Exercise instructions:
Each line below should be repeated exactly as written, with no pictures carried over.

Given material:
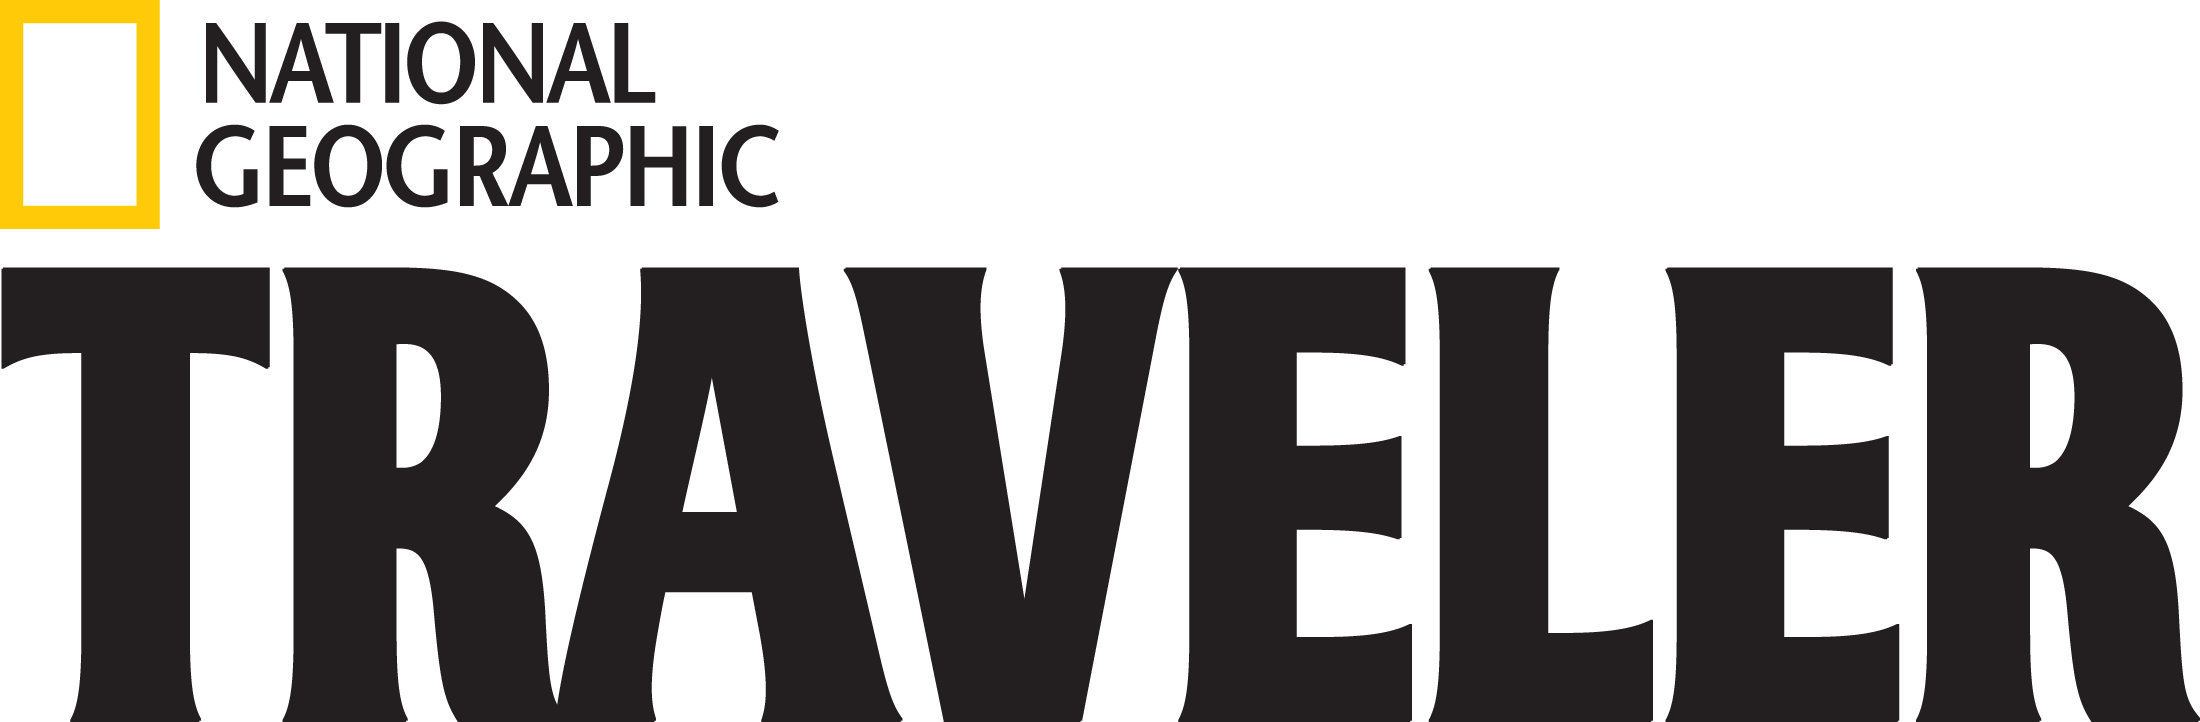 traveller logo
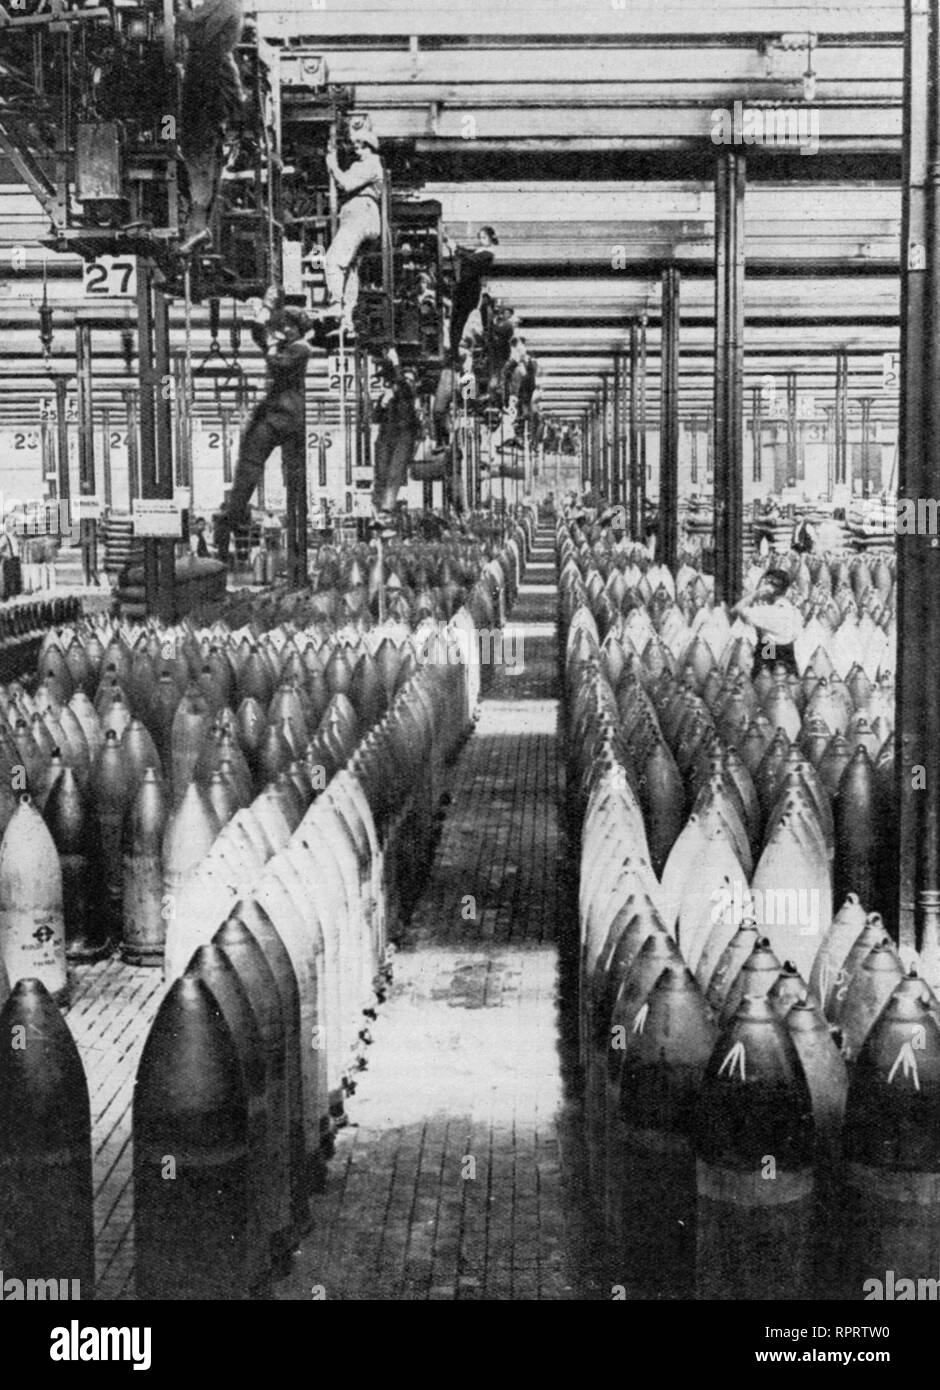 Donne al lavoro durante la prima guerra mondiale, luglio 1917. Produzione di munizioni, Chilwell, Nottinghamshire, Inghilterra, luglio 1917. "Gru ragazze" al lavoro presso la National Filling Factory di Chilwell. Le munizioni erano donne britanniche impiegate nelle fabbriche di munizioni durante la prima guerra mondiale. Foto Stock
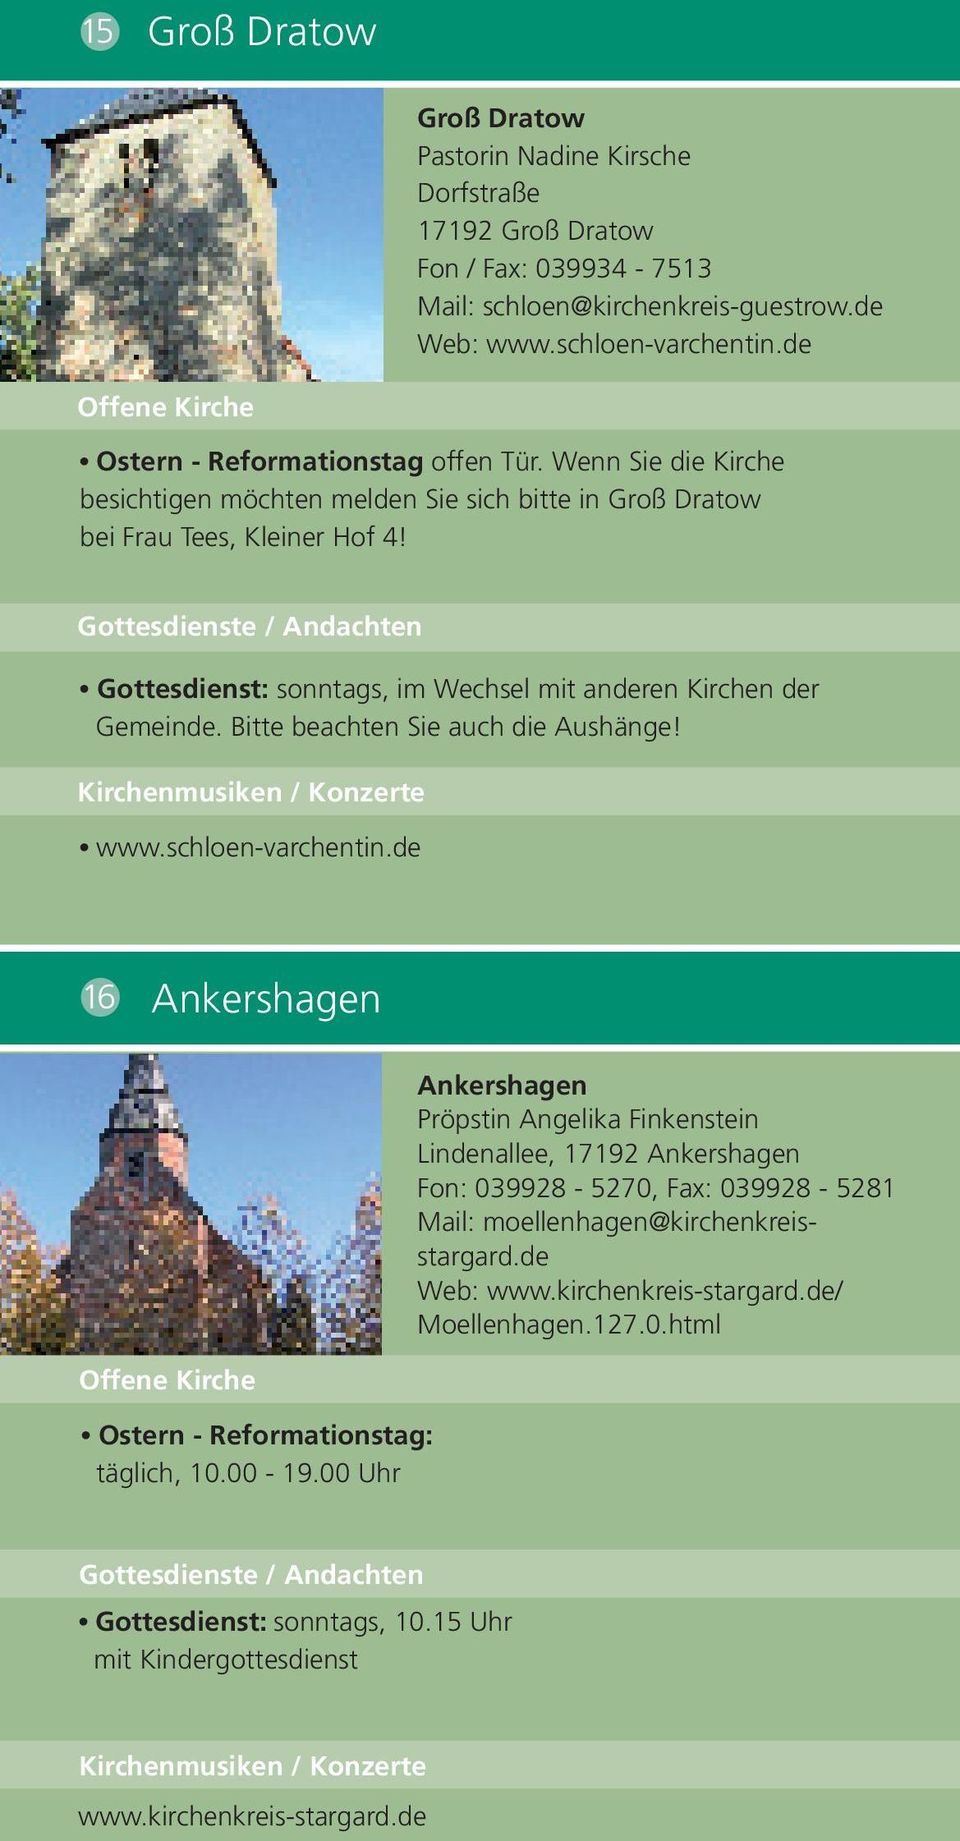 Gottesdienst: sonntags, im Wechsel mit anderen Kirchen der Gemeinde. Bitte beachten Sie auch die Aushänge! www.schloen-varchentin.

Solution to this exercise:
 traveller logo
 Donne al lavoro durante la prima guerra mondiale, luglio 1917. Produzione di munizioni, Chilwell, Nottinghamshire, Inghilterra, luglio 1917. "Gru ragazze" al lavoro presso la National Filling Factory di Chilwell. Le munizioni erano donne britanniche impiegate nelle fabbriche di munizioni durante la prima guerra mondiale. Foto Stock
 Gottesdienst: sonntags, im Wechsel mit anderen Kirchen der Gemeinde. Bitte beachten Sie auch die Aushänge! www.schloen-varchentin.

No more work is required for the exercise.